Тра-та-та-та-та… тра-та-та… Слишком чертовски близко, чтобы я чувствовал себя комфортно, проскакивают несколько пуль, застревая в ржавом, почерневшем металле. Время двигаться. Я поднимаюсь на ноги и бросаюсь назад, стреляя в группу арабов. Они разбегаются в стороны в поисках окон или дверей. Двигаюсь вдоль аллеи, врываюсь в случайную дверь и вылезаю из окна, игнорируя толпящихся мать, детей и пожилую бабулю в углу. Грубо падаю на землю, с проклятиями пытаясь восстановить дыхание.

Перекатываюсь на живот, задыхаясь и паникуя, пока легкие борются за освобождение. Слышу глухой звук выстрела совсем рядом с лицом, поэтому ползу прочь, поднимаю винтовку, нахожу вспышки разрывов и стреляю. Ранен, но не убит.

Потом я слышу самый желанный звук из всех в жизни: ответная стрельба М-16 где-то недалеко. Морпехи. Я снова стреляю, окрашивая в алый торчащий из-за стены локоть.

Тра-та-та-та.

Там, с востока. Теперь берет верх треск АК, выстрелы отдельных винтовок смешиваются в какофонию. Кажется, я слышу четыре винтовки. Один взвод. А потом слышится «пила» — короткие прерывистые очереди. Я мог бы заплакать от облегчения. Встаю на ноги, но снова пригибаюсь, когда над ухом свистят пули, напоминая мне, что я на открытом пространстве. Я чувствую горящую рану на обнаженной коже руки: пуля прочертила красную линию. Мне нужно связаться с взводом.
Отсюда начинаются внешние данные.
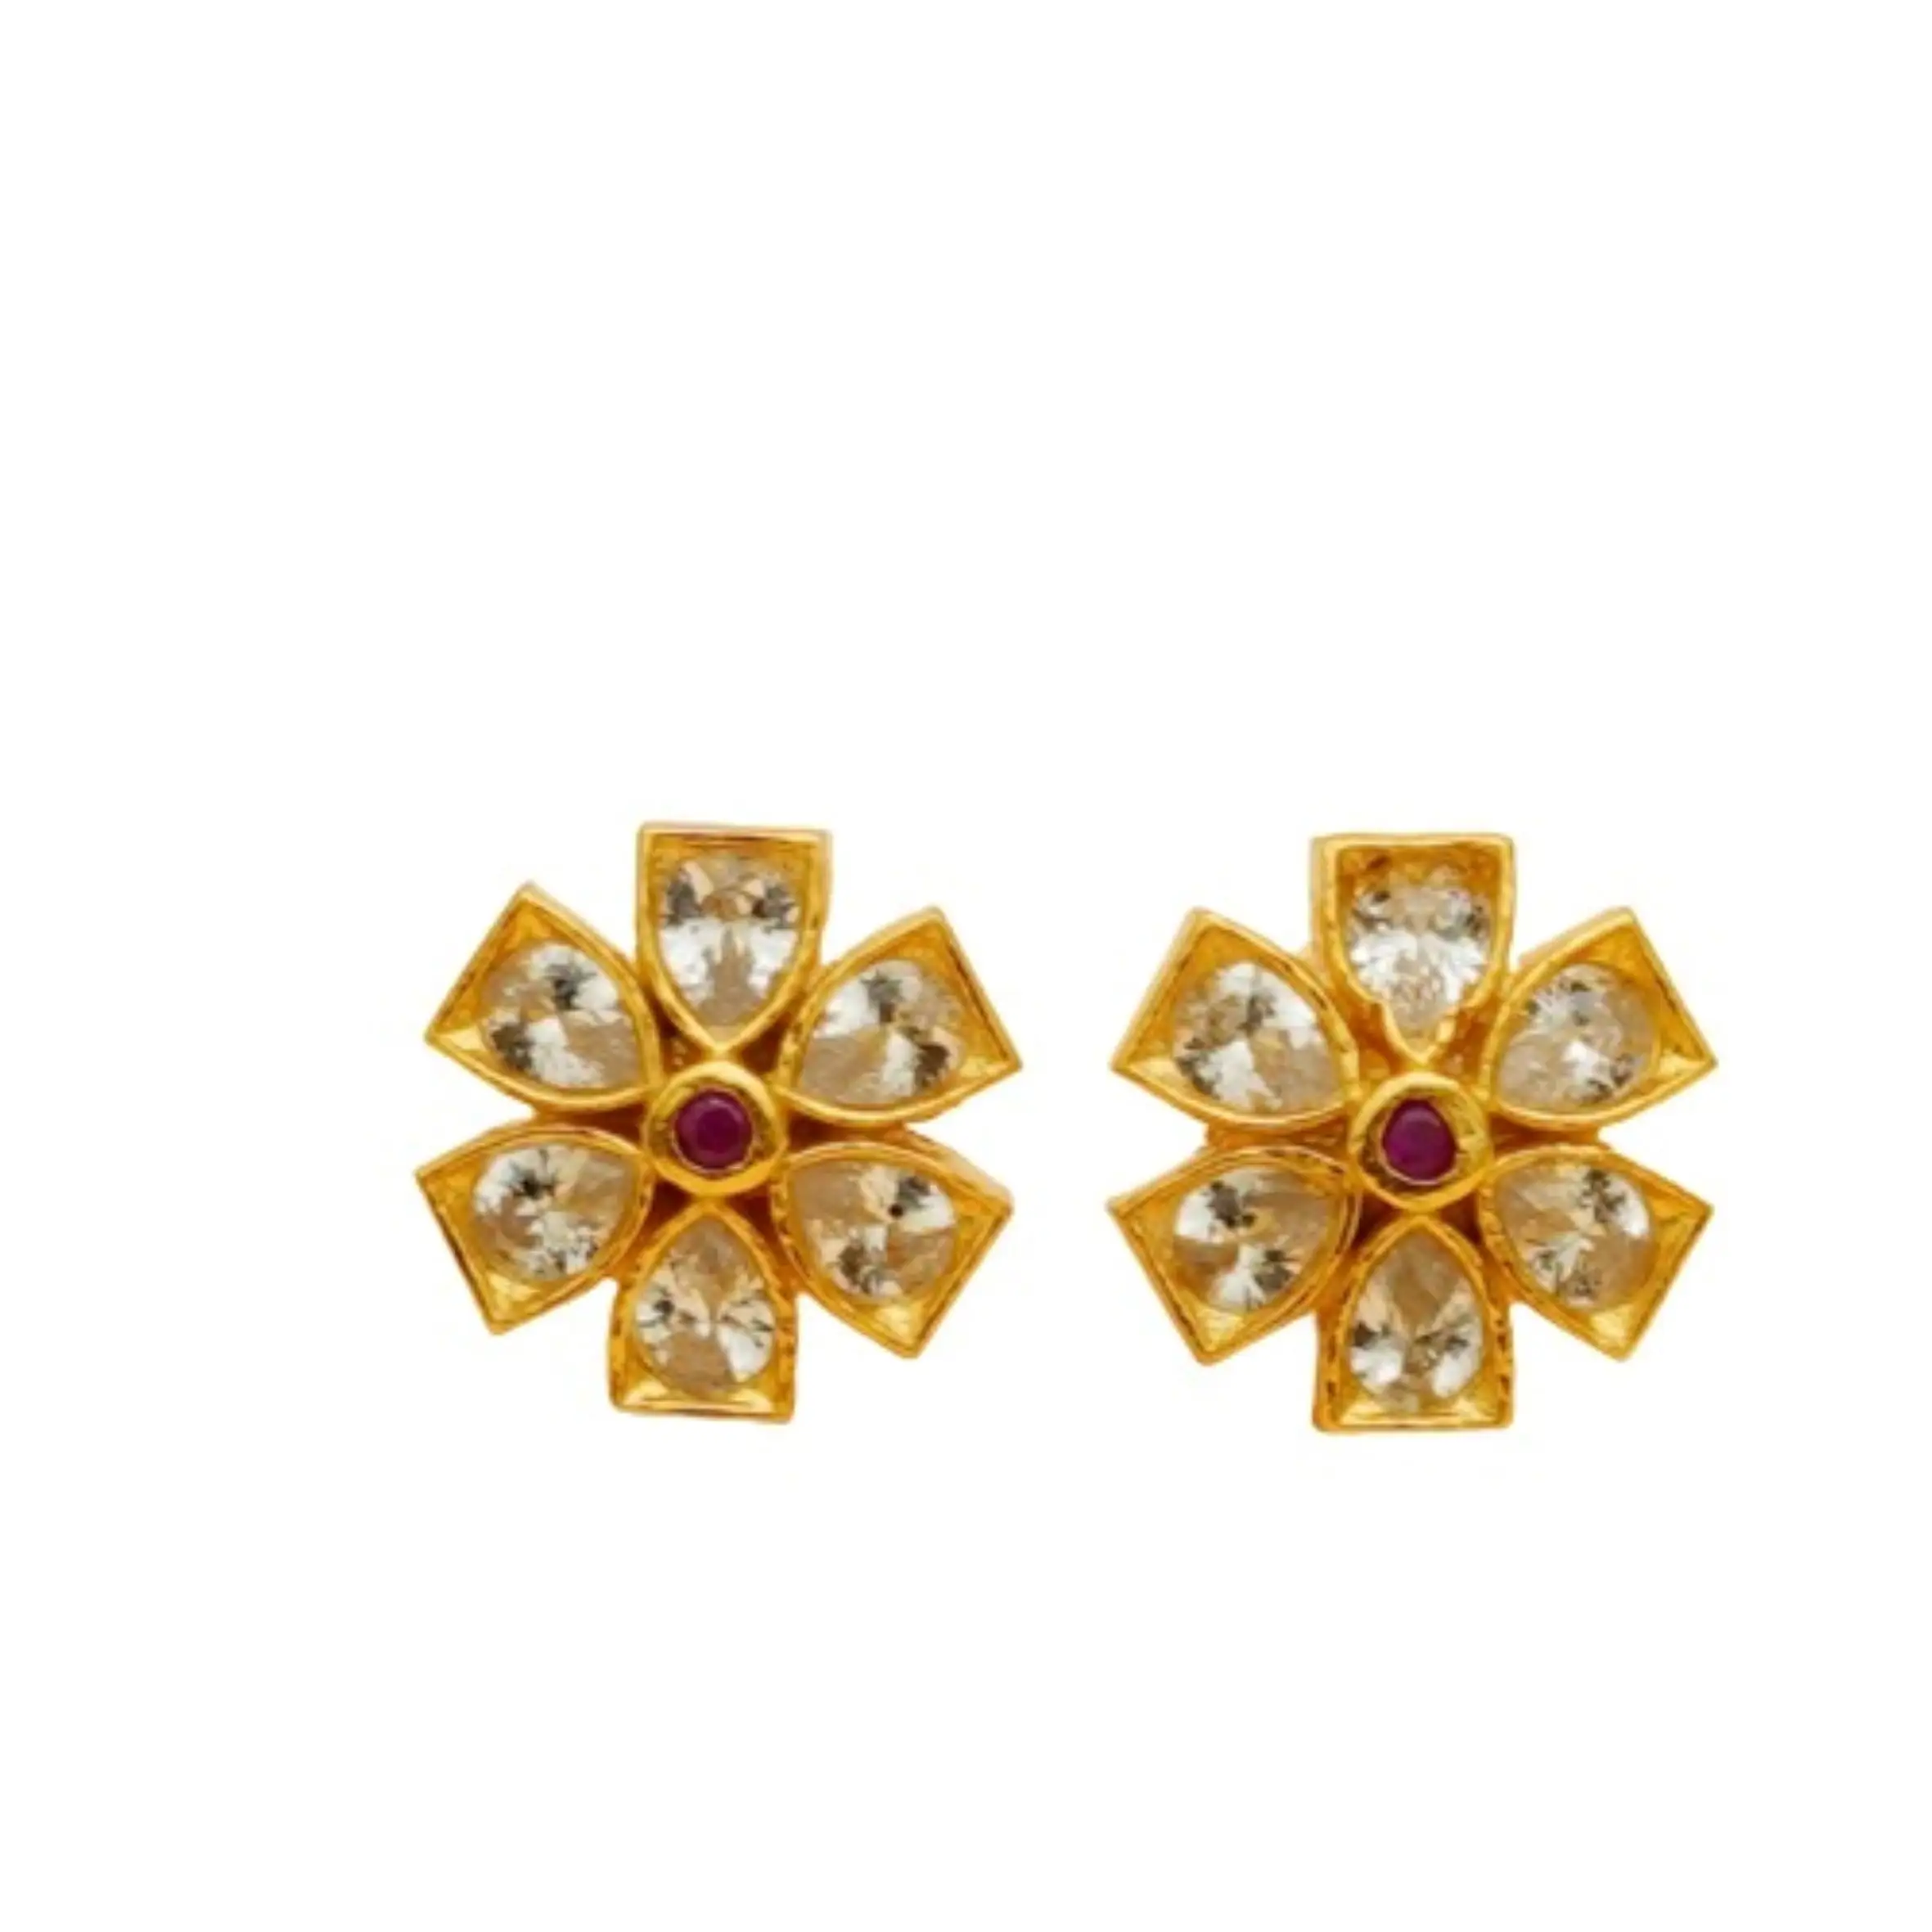 Magnificence Flowers Motifs 22 Karat Gold Plated Stud Crafted in White Red Stone Women Earring for Daily Wear at Wholesale Price

Огибаю угол, но тут же спешу назад. Группа тряпкоголовых… Я чувствую приступ вины из-за расистского оскорбления при мыслях о Рании… Группа повстанцев во главе с Абдулом. Они окружают дверь, много крича и тыча винтовками, но никто не стреляет.

Мне нужно вытаскивать поспешный перевод из головы:

— Отдай ее, Хасан!

— Нет! Ты дьявол, Абдул!

— Последнее предупреждение, парень…

Они загнали Ранию и Хасана в угол. Долбаное дерьмо. Что делать? Я меняю магазин и выглядываю из-за угла, чтобы посчитать. Семеро и Абдул.

М-16 разрываются в паре сотен метров отсюда. Ему отвечают АК, которых перекрывает «пила», а потом слышится прекрасный звук М-203, выстрелившим гранатой, и следом — приглушенный грохот взрыва. РПГ, свист, взрыв. Совсем недалеко и в нашем направлении.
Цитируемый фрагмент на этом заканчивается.